§ YOUR ASSIGNMENT
When you write out the listing, keep every word as it stands and drop the pictures.

§ DATA SECTION
--------------------

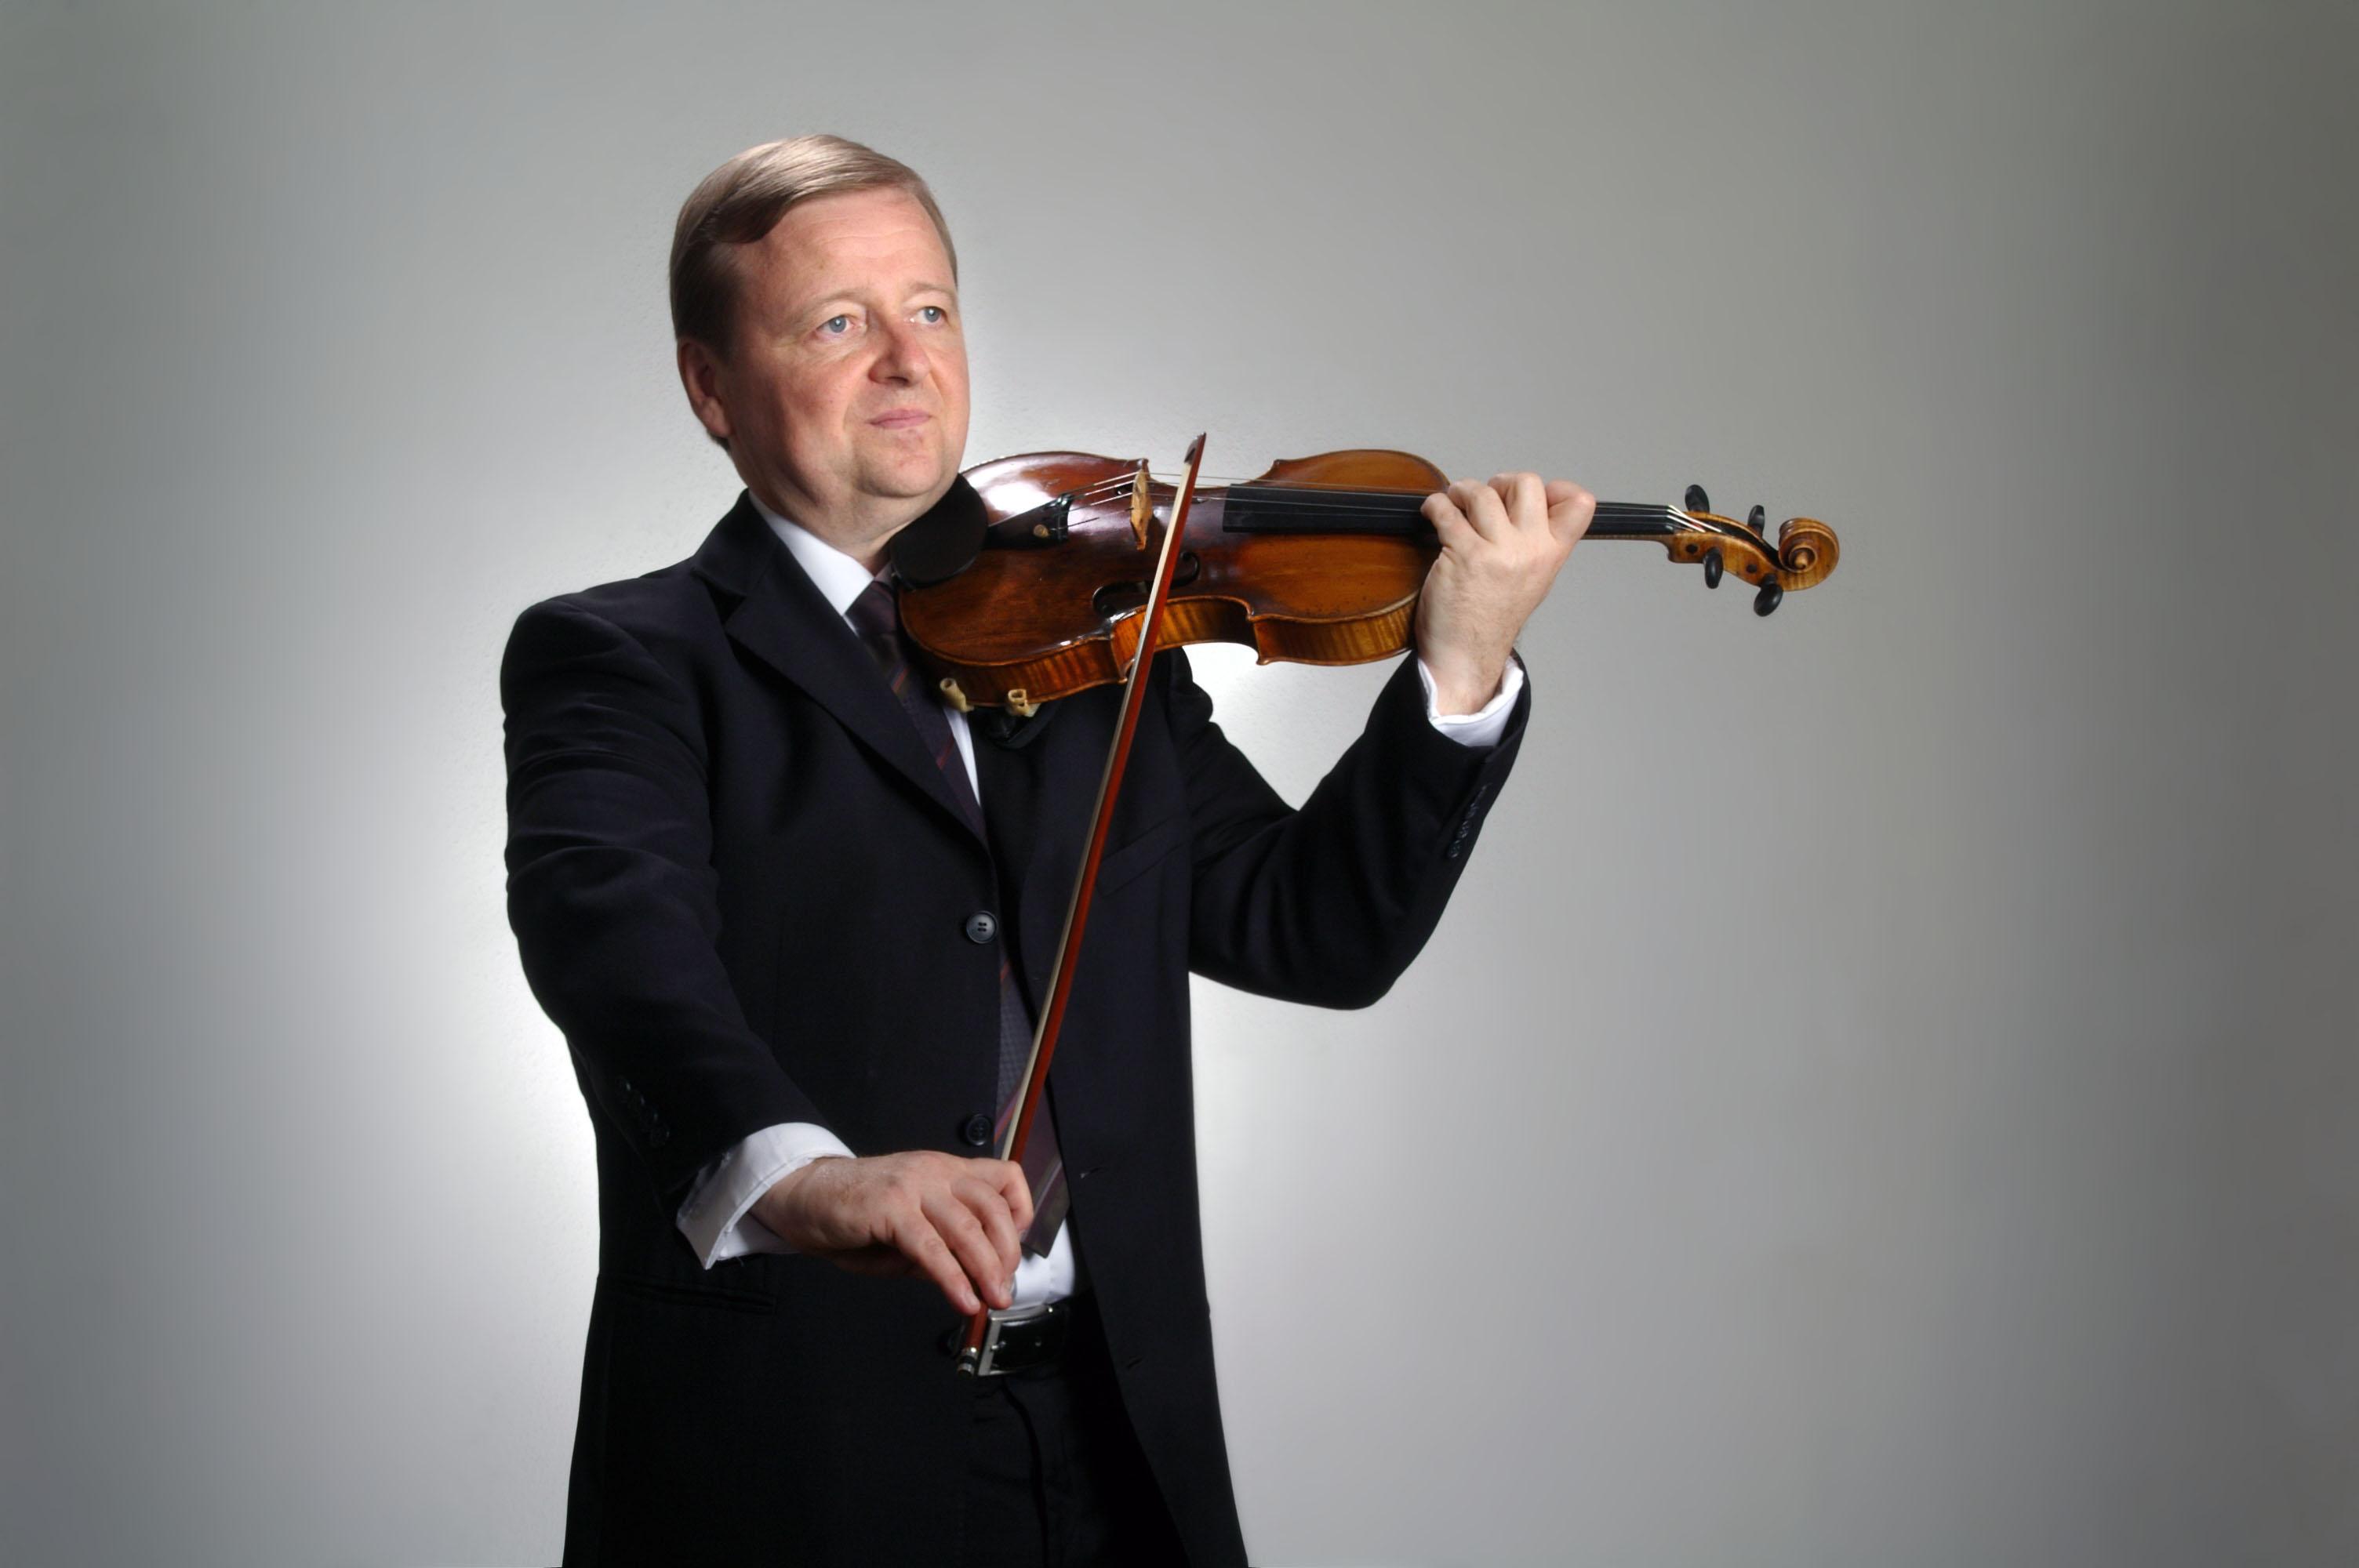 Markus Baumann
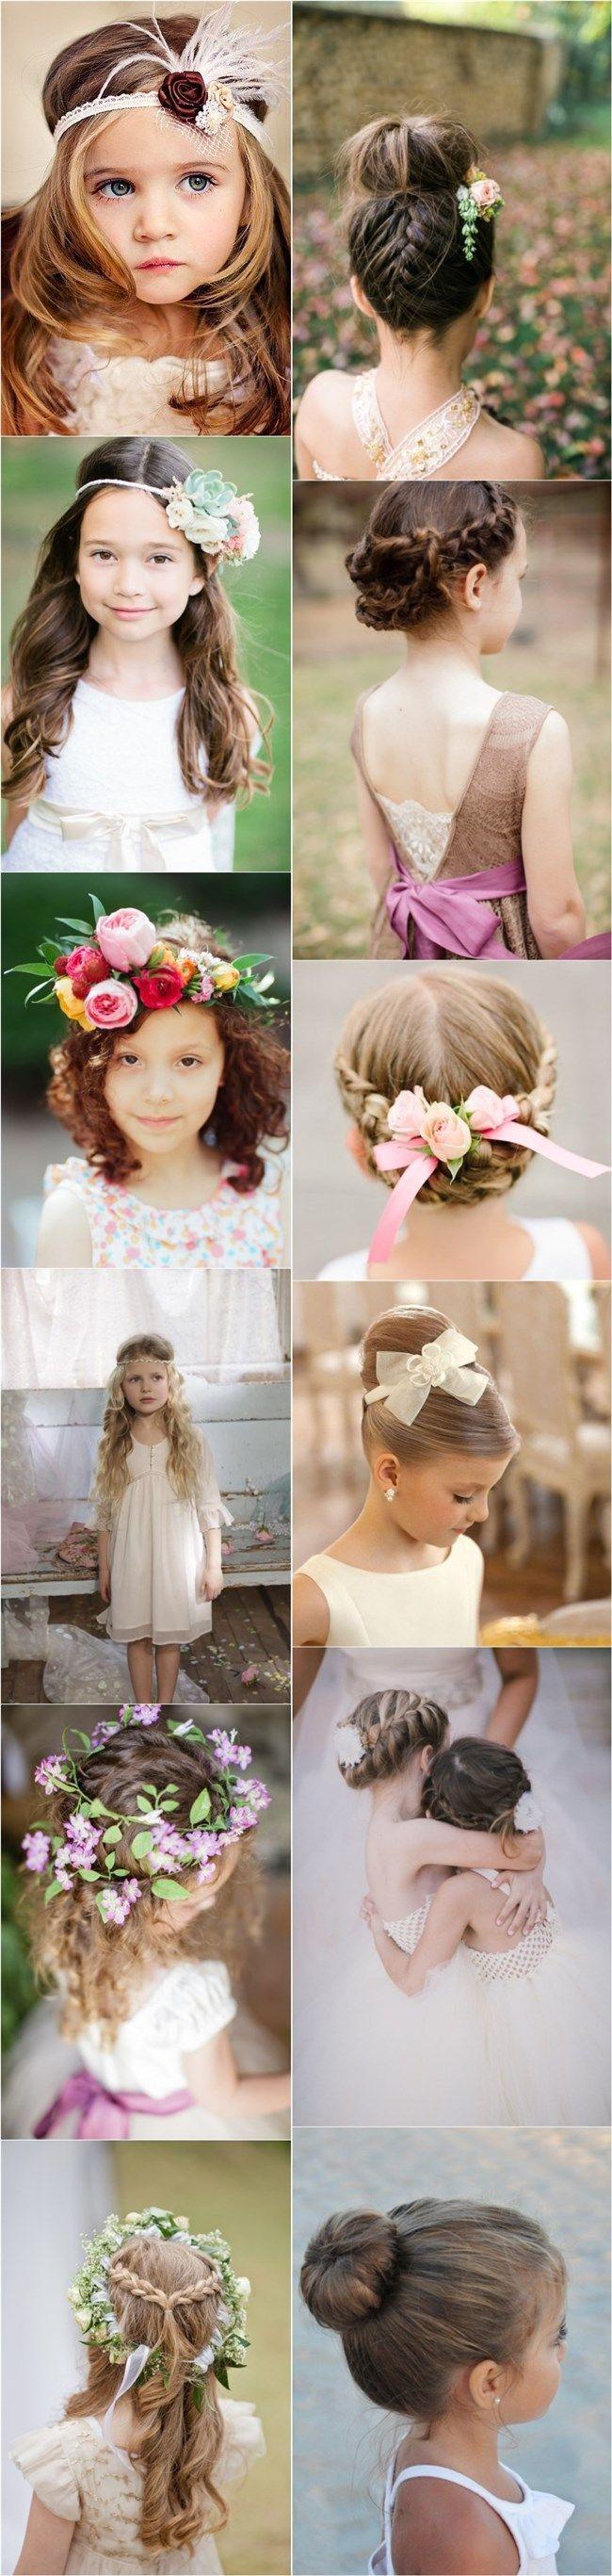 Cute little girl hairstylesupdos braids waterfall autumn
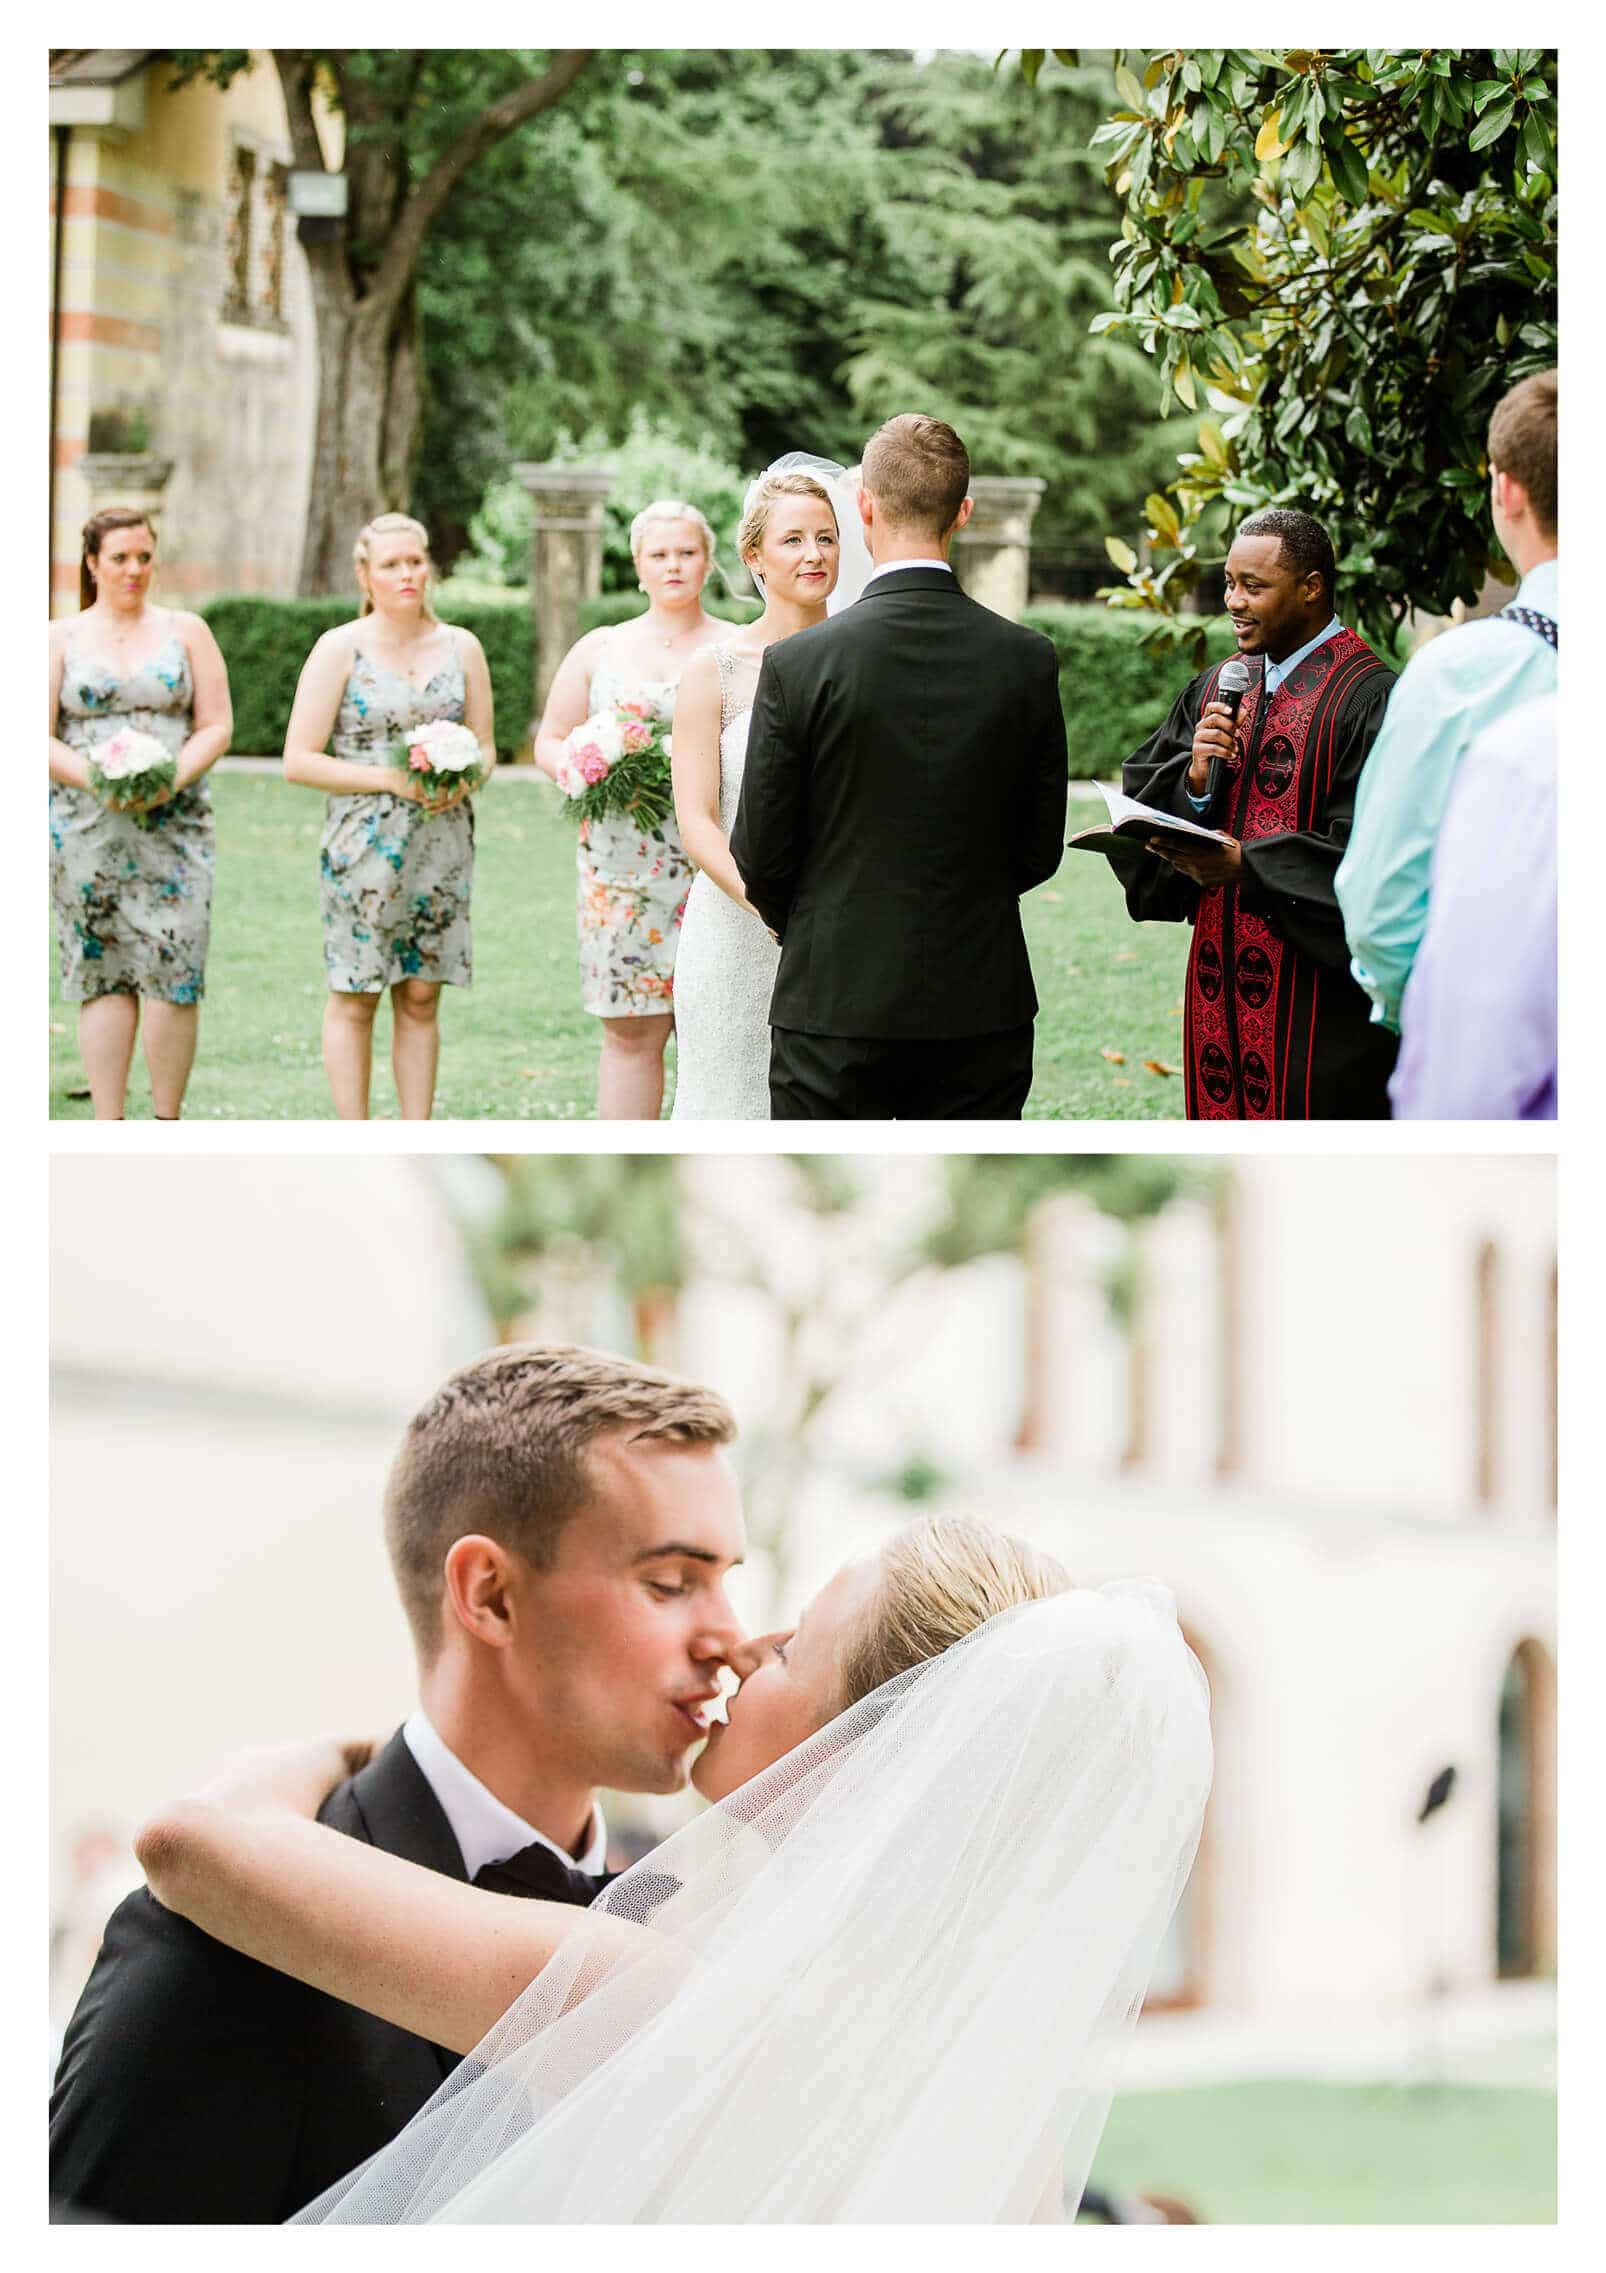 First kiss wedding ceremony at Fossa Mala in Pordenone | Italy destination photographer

--------------------

§ OUTPUT OF THE EXERCISE
 Markus Baumann
 Cute little girl hairstylesupdos braids waterfall autumn
 First kiss wedding ceremony at Fossa Mala in Pordenone | Italy destination photographer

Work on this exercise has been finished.